Modern Society lives in a fallacy - that we can somehow, someway engineer
danger out of life, that we can eliminate all risk of accidental injuries or
death and make everything perfectly safe and sanitary - and in some ways we
can, at an ever increasing incremental cost to do so - a cost that is often
not justifiable in my humble opinion.

For example, In 2014 the NHTSA required all new cars to be sold with a backup
camera - at an estimated cost of up to 143 dollars a car.

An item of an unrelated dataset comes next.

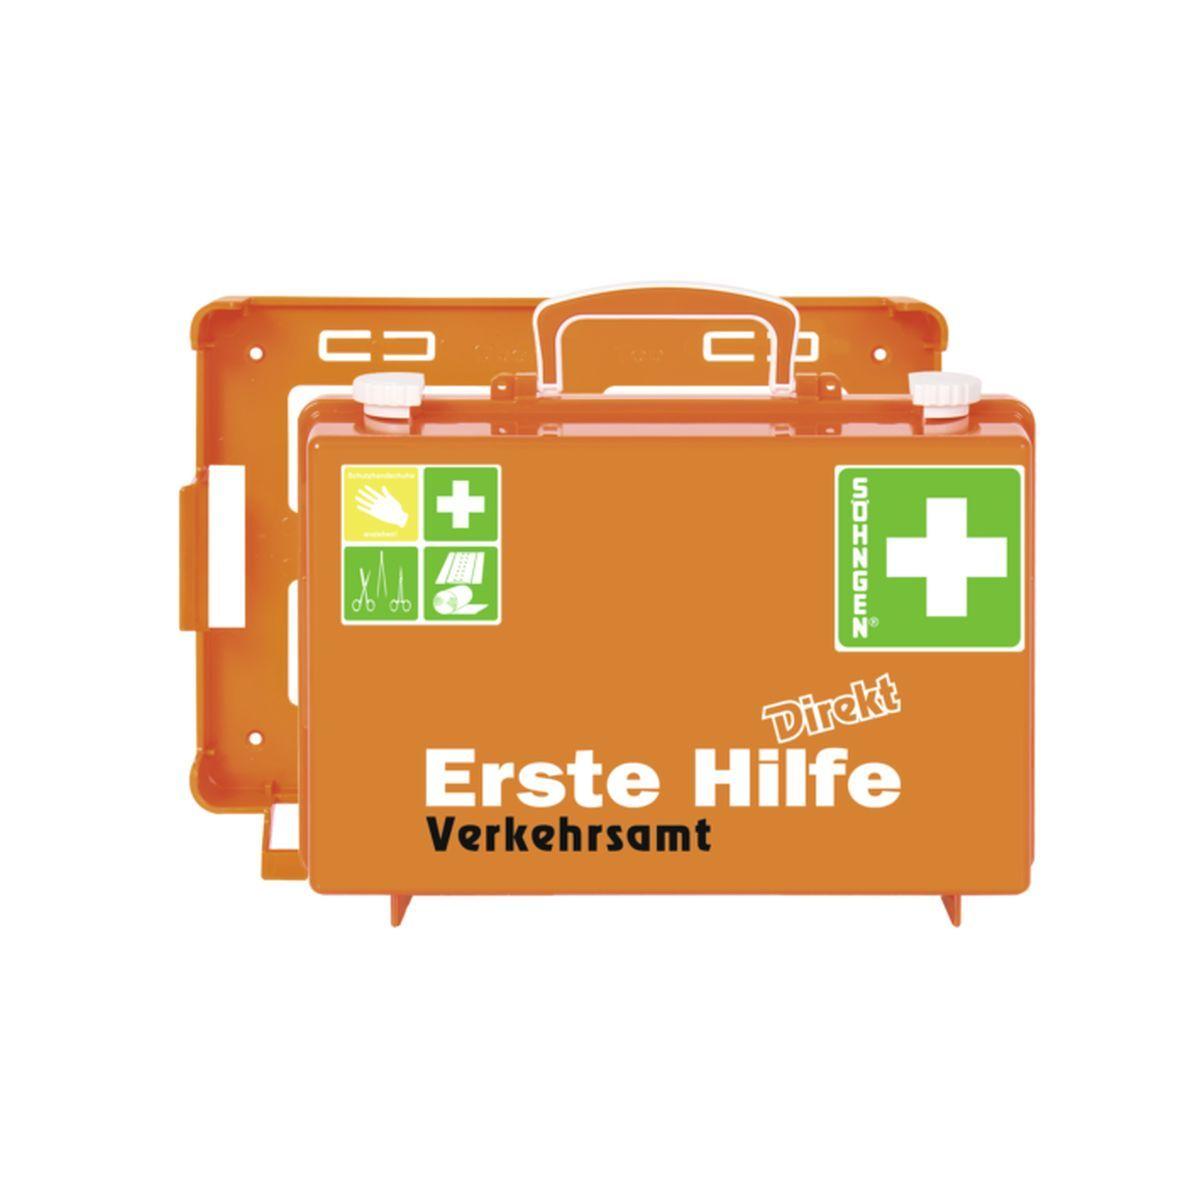 Erste Hilfe Koffer DIN 13157 DIREKT, Verkehrsamt

In 2016 we sold
17,500,000 cars - if you add 100 dollars to the price of each car sold, you're
looking at an extra 1,750,000,000 or 1.75 billion dollars, annually - to save
210 lives - in short 8.3 million dollars per life saved - even if you look at
just injuries from accidental backing incidents, there were 15,000 of those in
2014 - you're still looking at 116,000 dollars spent per injury prevented -
and this presumes this technology prevents every death, and every injury from
accidental backing - Is this a worthy expenditure my gut tells me no (but I
might be a cold hearted bastard) - I can just think of better ways to spend
1.75 billion dollars in the public good - an education campaign, and requiring
a label, or warning sign to flash in the car would cost far less and probably
save about as many lives.

Society doesn't think about those things though, we choose the easy, feel-good
answer that all lives are valuable - its why for example, we've not even
touched on end of life, and when pouring money into someone who may only have
1-2 years left in their natural life - may not make much sense, and I'm not
even suggesting I know the answer, I'm just suggesting we start having the
conversation instead of taking the easy approach, and immediately passing
another law, then patting ourselves on the back for a job well done.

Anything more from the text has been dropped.